# Task
Output every line of the material exactly, omitting images.

# Provided data
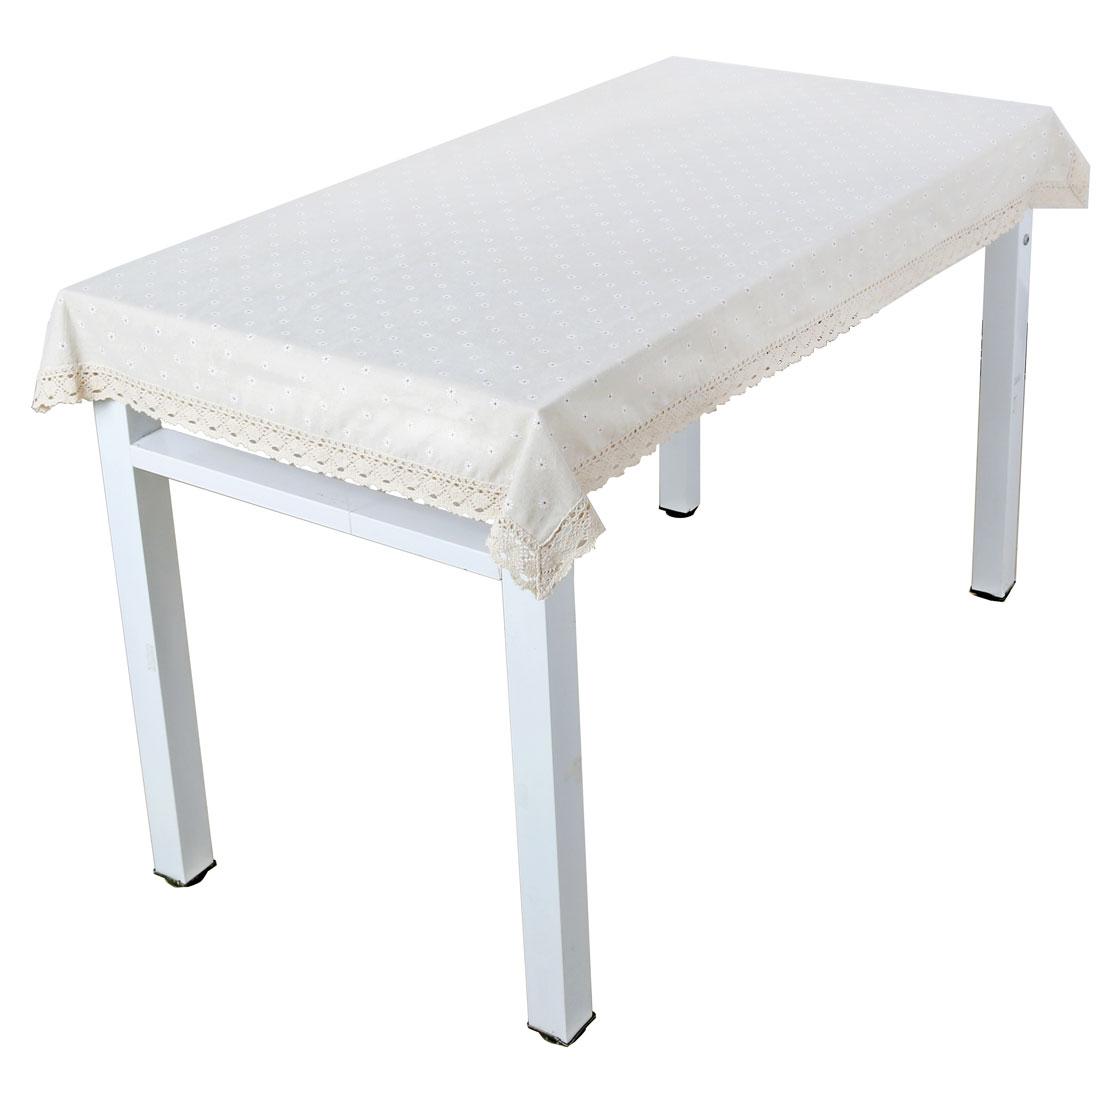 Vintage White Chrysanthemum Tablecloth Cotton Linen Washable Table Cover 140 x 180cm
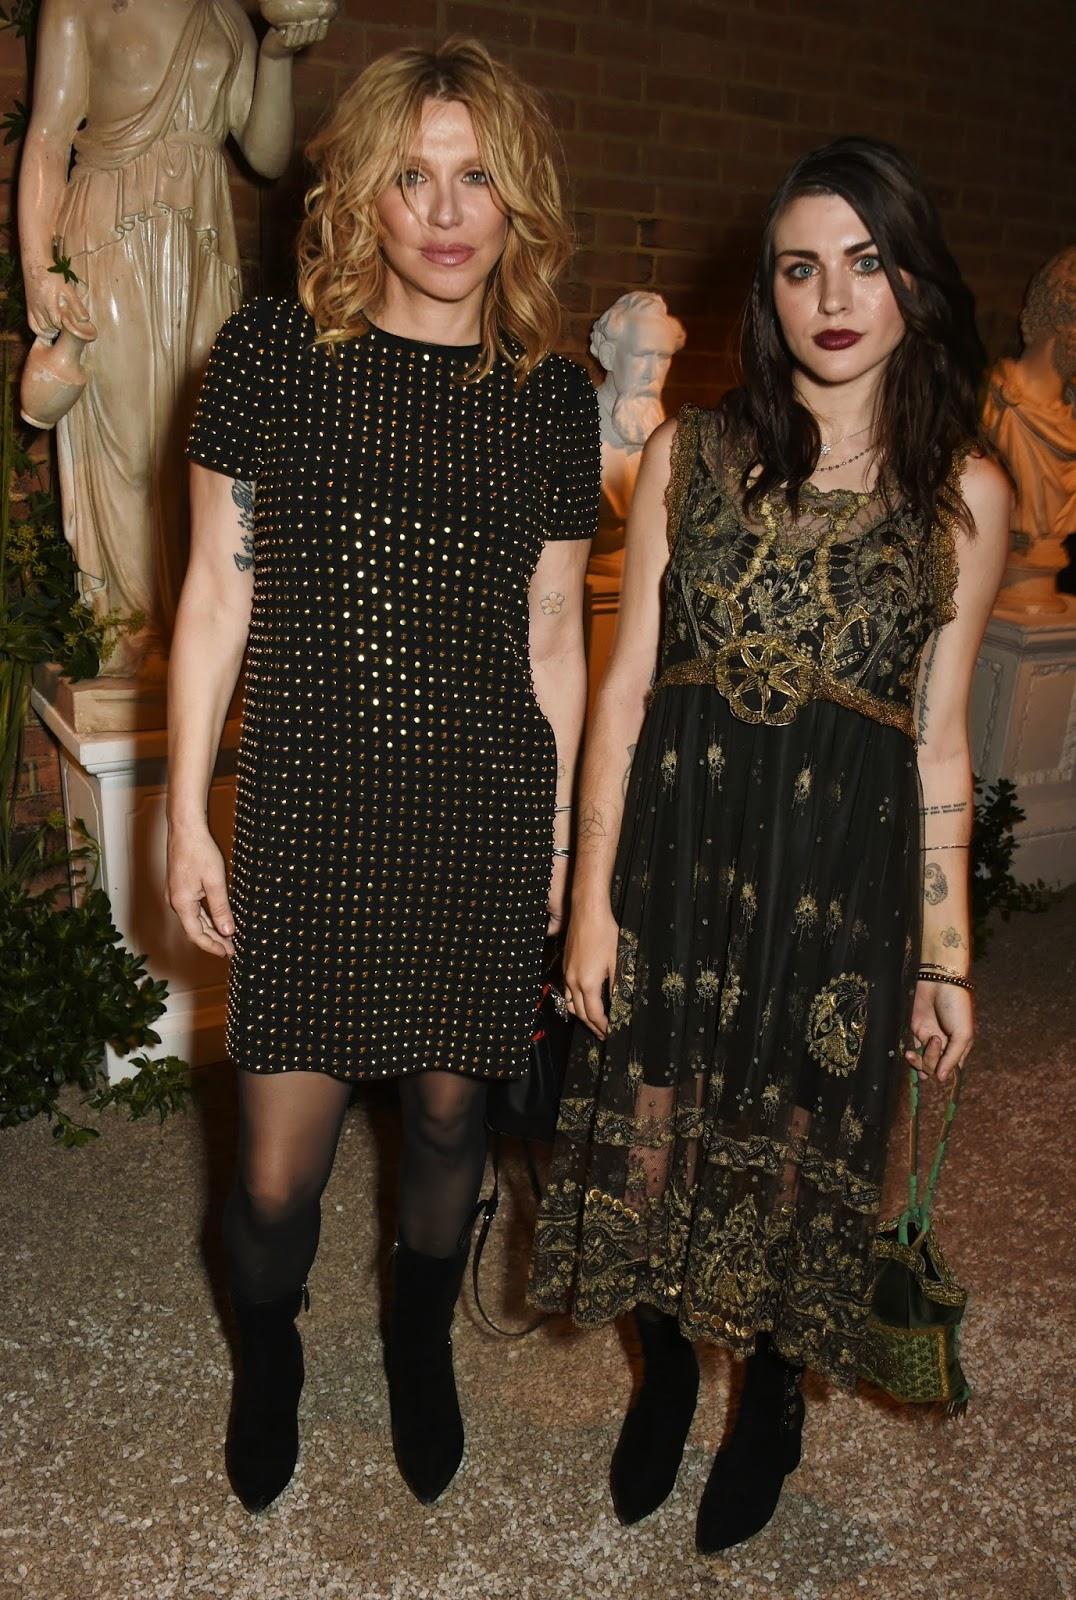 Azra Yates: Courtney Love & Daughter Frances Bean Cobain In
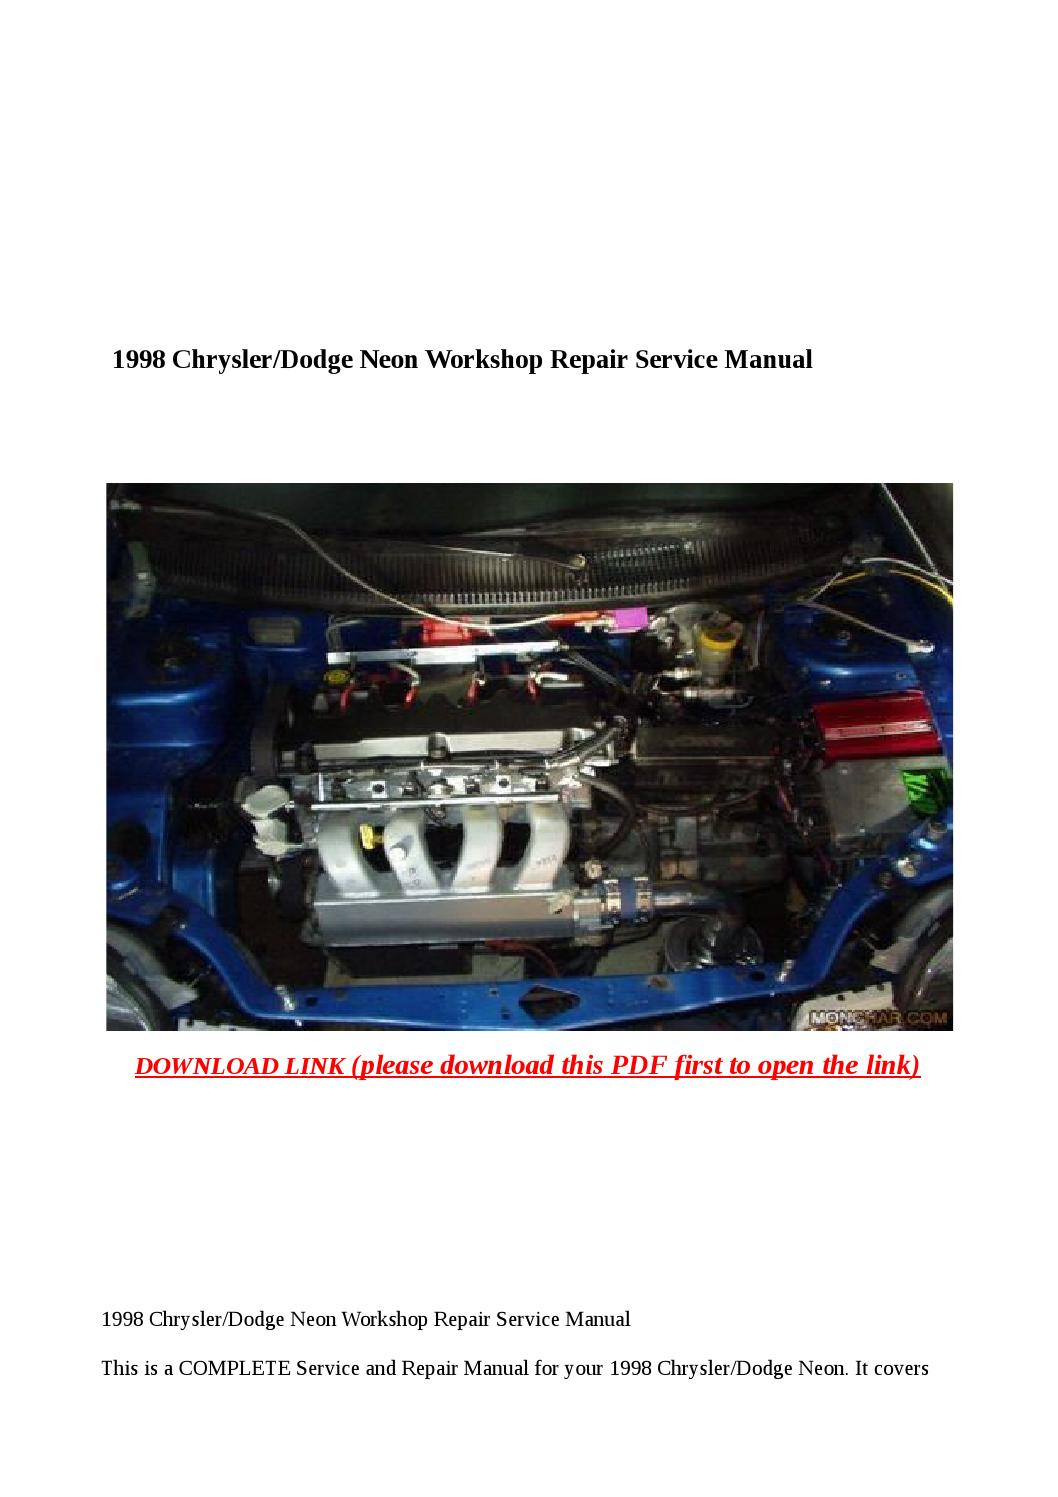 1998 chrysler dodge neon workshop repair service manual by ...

# Result
 Vintage White Chrysanthemum Tablecloth Cotton Linen Washable Table Cover 140 x 180cm
 Azra Yates: Courtney Love & Daughter Frances Bean Cobain In
 1998 chrysler dodge neon workshop repair service manual by ...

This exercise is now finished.